Dai sopralluoghi effettuati in questi giorni, abbiamo preso atto del valore, della consistenza materica, architettonica dei manufatti sopravvissuti sino ad oggi. Pertanto, rivolgendoci alle istituzioni, ma anche ai proprietari dell’area, auspichiamo che i manufatti esistenti non vangano cancellati con un colpo di ruspa, ma possano tornare a vivere, a trovare spazio e cittadinanza attraverso un intervento di recupero e restauro edilizio. Certo è che viviamo, abitiamo in una Caltanissetta sempre più confusa e dispersa, tra assordanti rumori e sconcertanti silenzi. Così muore la città.

Leandro Janni

Consigliere nazionale di Italia Nostra

NOTA_Il Salvati fu uno di quei laboratori che, nella seconda metà dell’Ottocento, fecero sì che a Caltanissetta si passasse dalla pasta fatta… in casa a quella “industriale”, sostituendo quindi al lavoro “a forza di braccia” per lavorare l’impasto, quello del mulino-stabilimento con le nuove tecniche proposte dall’industria dell’epoca. Furono i fratelli Francesco e Luigi Salvati (di origine campana, provenienti quindi dalla “patria” della pasta italiana) che nel 1866 impiantarono il loro mulino in contrada Sallemi, proponendo una nuova lavorazione della pasta, meno “artigianale” appunto, e più a scala industriale. Un esempio imprenditoriale, il loro, destinato a durare parecchi decenni e che ben presto ebbe in città diversi seguaci, convinti anch’essi della necessità di modernizzare i processi di produzione di un alimento di così largo consumo.

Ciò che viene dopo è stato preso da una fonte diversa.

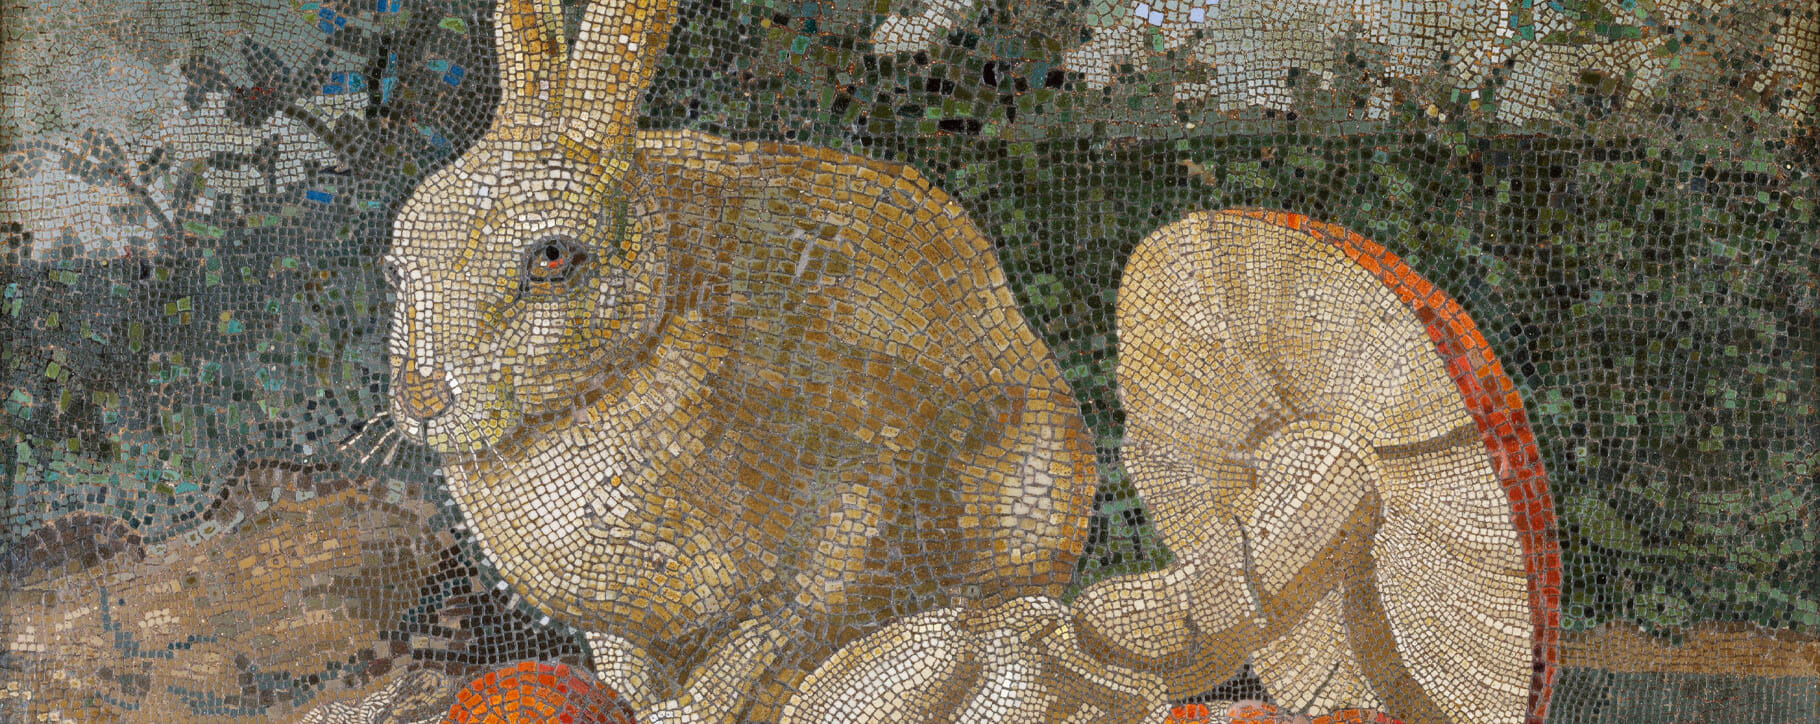 Bunny mosaic 19th century
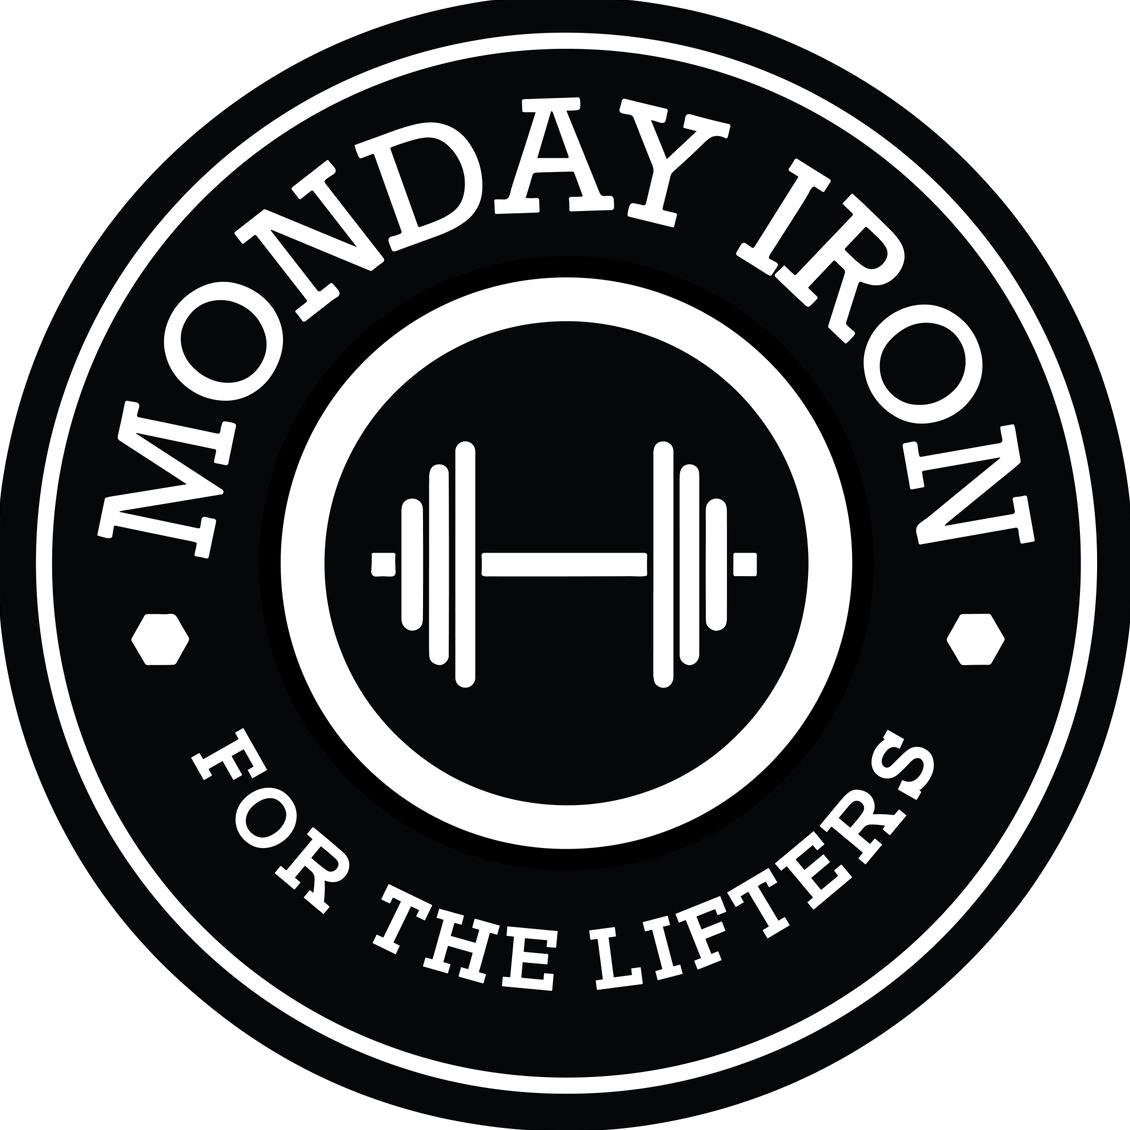 Monday Iron's images

Solitamente tali mulini venivano impiantati nei pressi di fiumi e torrenti: le scarse piogge, però, e quindi la poca disponibilità d’acqua, li costrinsero nel tempo ad una ridotta attività, che portò alla loro dismissione, per cui ci si orientò verso gli impianti a vapore: il mulino dei Salvati, con annesso pastificio, era uno di quelli. Nel primo decennio del Novecento ne era proprietario Vincenzo Salvati, illustre chirurgo e scienziato, rinomato per aver impiantato a Caltanissetta (proprio nella sua abitazione di contrada Sallemi) il primo gabinetto elettro-fototerapico e il primo studio di radiologia.

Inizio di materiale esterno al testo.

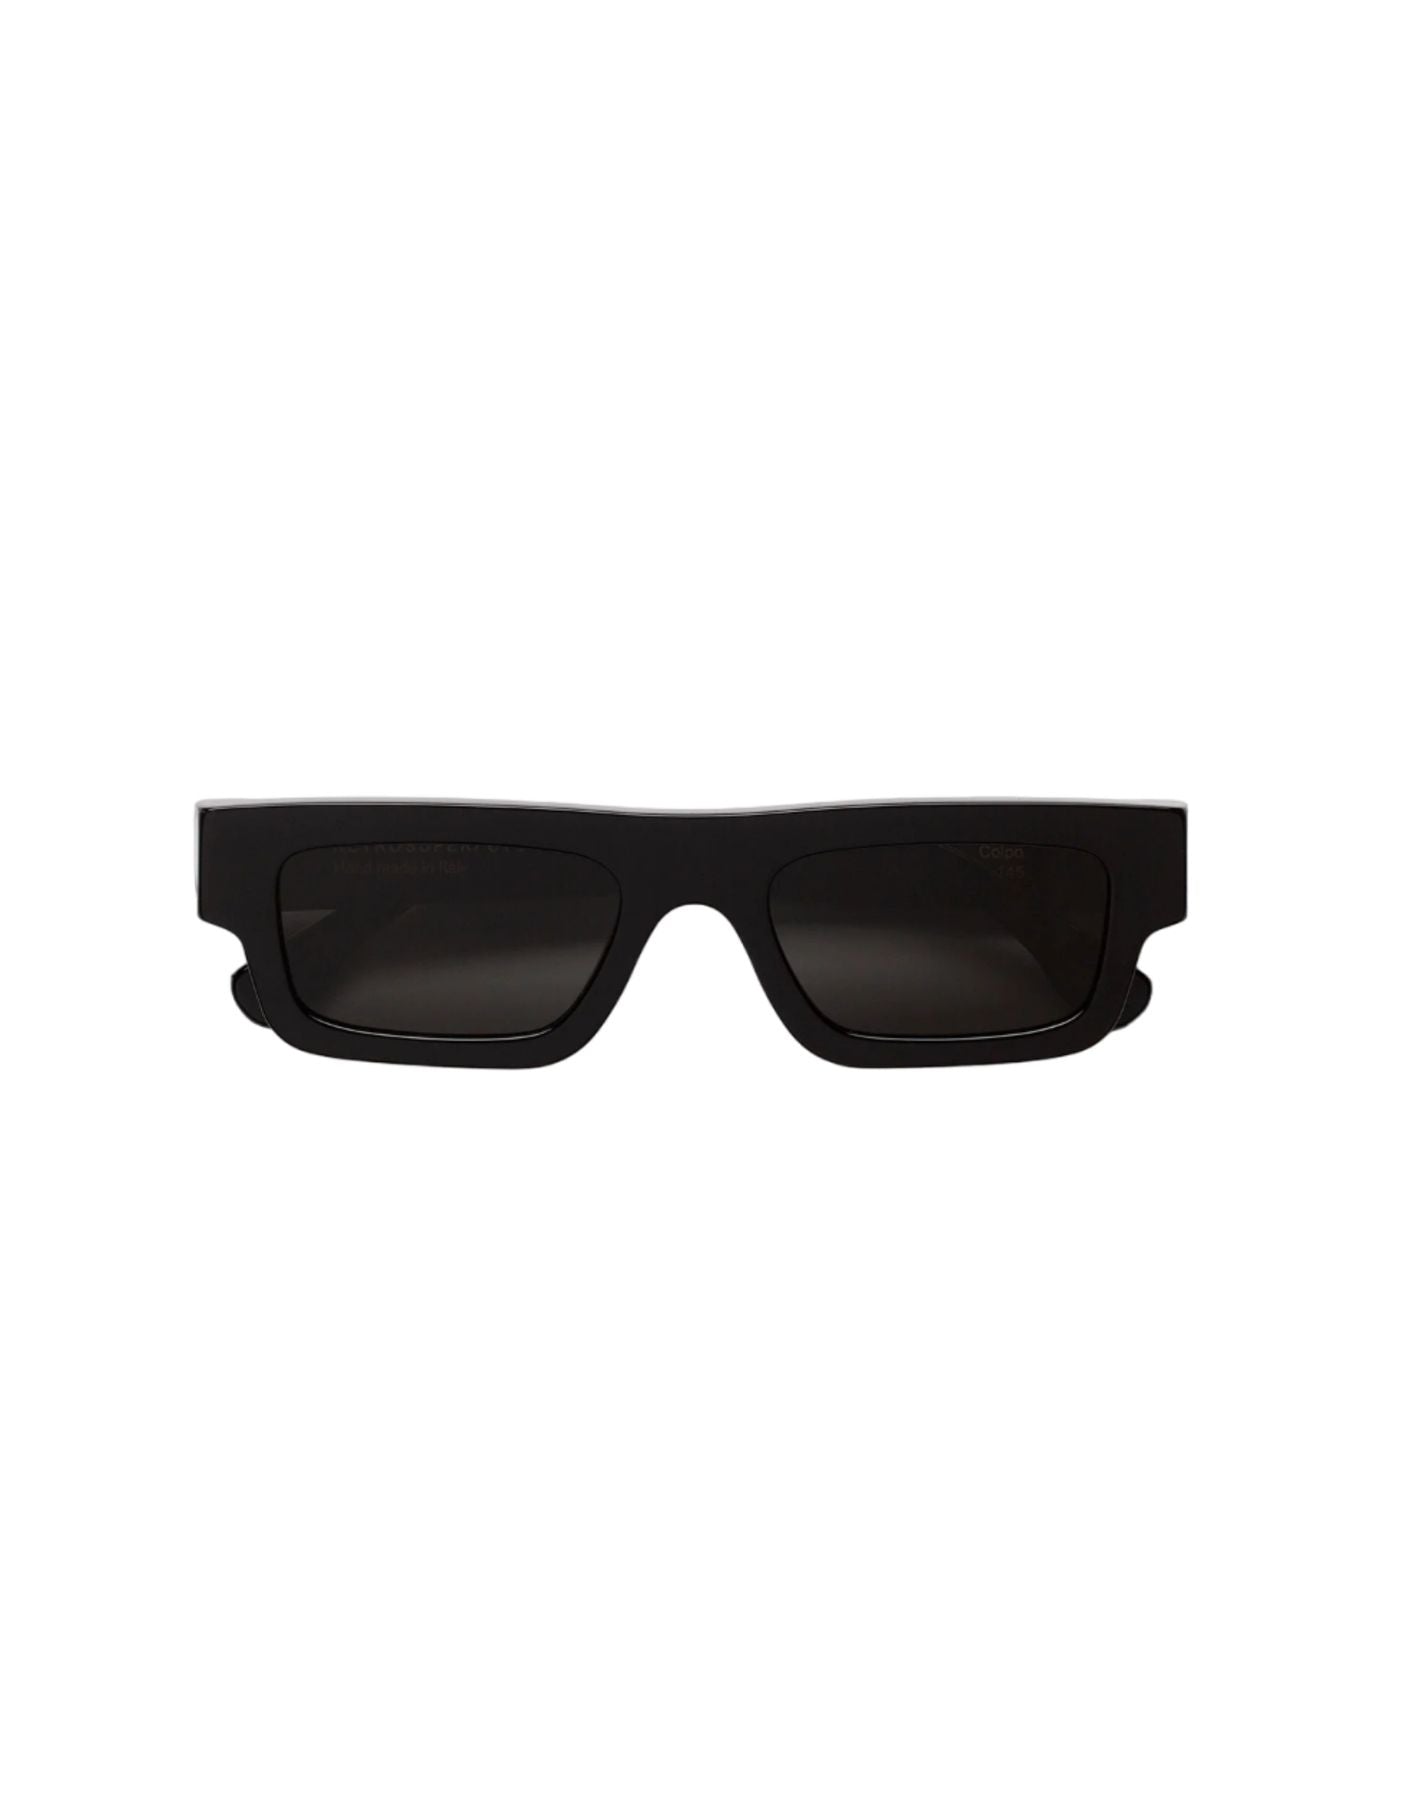 Gafas de sol Unisex Colpo Black ZW5 RetroSuperfuture

A seguire l’esempio dei Salvati, come detto, furono altri produttori locali, come i fratelli Tortorici che avviarono il loro mulino-pastificio in contrada Stella. Un altro fu installato nel 1895 da un imprenditore sancataldese in contrada Madonna della Catena, altri due – anch’essi con pastificio annesso – furono avviati da Cortese in contrada Santa Lucia, alla periferia cittadina. Poi, nel nuovo secolo, ecco la “Piedigrotta” con stabilimento in via Elena, che ben presto si sarebbe affermato su tutti gli altri: e sulla distruzione di questo fabbricato, avvenuta negli anni Settanta, nessuno alzò un dito per salvare una siffatta testimonianza di archeologia industriale. Poco prima un altro rinomato “mulino” cittadino, quello dei fratelli Sole in via Redentore, aveva cessato anch’esso la produzione. Dei citati pastifici, dunque, le uniche tracce ancora esistenti in città sono quelle del Salvati. (Walter Guttadauria, LA SICILIA)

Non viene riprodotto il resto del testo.